[Saved data entries]

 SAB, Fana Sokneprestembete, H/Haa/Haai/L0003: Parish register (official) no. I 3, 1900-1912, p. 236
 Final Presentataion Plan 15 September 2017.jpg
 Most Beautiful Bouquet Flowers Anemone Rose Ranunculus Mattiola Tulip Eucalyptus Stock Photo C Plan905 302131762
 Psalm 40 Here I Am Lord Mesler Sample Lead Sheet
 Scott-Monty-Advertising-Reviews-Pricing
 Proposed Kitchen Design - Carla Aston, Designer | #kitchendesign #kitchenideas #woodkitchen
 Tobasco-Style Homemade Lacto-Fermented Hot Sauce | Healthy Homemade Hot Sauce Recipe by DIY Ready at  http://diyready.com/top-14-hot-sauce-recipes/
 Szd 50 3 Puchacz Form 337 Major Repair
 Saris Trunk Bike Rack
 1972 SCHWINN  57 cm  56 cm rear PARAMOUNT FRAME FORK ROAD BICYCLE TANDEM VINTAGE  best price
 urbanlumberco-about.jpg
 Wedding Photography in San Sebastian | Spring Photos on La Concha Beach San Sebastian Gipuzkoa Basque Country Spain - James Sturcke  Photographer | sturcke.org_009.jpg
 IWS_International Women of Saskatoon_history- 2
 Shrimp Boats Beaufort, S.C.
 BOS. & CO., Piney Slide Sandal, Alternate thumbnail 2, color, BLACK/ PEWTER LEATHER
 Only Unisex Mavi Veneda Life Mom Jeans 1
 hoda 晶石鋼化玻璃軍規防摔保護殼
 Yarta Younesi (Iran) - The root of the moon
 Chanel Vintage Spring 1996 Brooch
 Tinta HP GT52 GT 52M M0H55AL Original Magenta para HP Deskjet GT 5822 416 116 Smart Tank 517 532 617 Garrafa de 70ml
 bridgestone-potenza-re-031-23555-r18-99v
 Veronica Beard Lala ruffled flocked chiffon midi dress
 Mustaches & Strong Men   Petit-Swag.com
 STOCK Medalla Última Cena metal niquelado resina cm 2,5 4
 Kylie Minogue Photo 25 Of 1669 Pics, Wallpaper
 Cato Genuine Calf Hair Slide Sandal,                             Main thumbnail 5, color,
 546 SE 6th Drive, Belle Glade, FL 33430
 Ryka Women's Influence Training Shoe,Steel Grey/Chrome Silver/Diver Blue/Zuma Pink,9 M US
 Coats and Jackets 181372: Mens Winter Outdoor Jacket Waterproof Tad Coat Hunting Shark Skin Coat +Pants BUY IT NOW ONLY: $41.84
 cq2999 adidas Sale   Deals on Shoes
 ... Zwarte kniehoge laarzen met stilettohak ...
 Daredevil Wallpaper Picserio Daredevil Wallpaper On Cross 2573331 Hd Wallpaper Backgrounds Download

_What the exercise asks_
Output the records above exactly, from their first line through the line that contains "Proposed Kitchen Design", and add nothing.

_Answer area_
 SAB, Fana Sokneprestembete, H/Haa/Haai/L0003: Parish register (official) no. I 3, 1900-1912, p. 236
 Final Presentataion Plan 15 September 2017.jpg
 Most Beautiful Bouquet Flowers Anemone Rose Ranunculus Mattiola Tulip Eucalyptus Stock Photo C Plan905 302131762
 Psalm 40 Here I Am Lord Mesler Sample Lead Sheet
 Scott-Monty-Advertising-Reviews-Pricing
 Proposed Kitchen Design - Carla Aston, Designer | #kitchendesign #kitchenideas #woodkitchen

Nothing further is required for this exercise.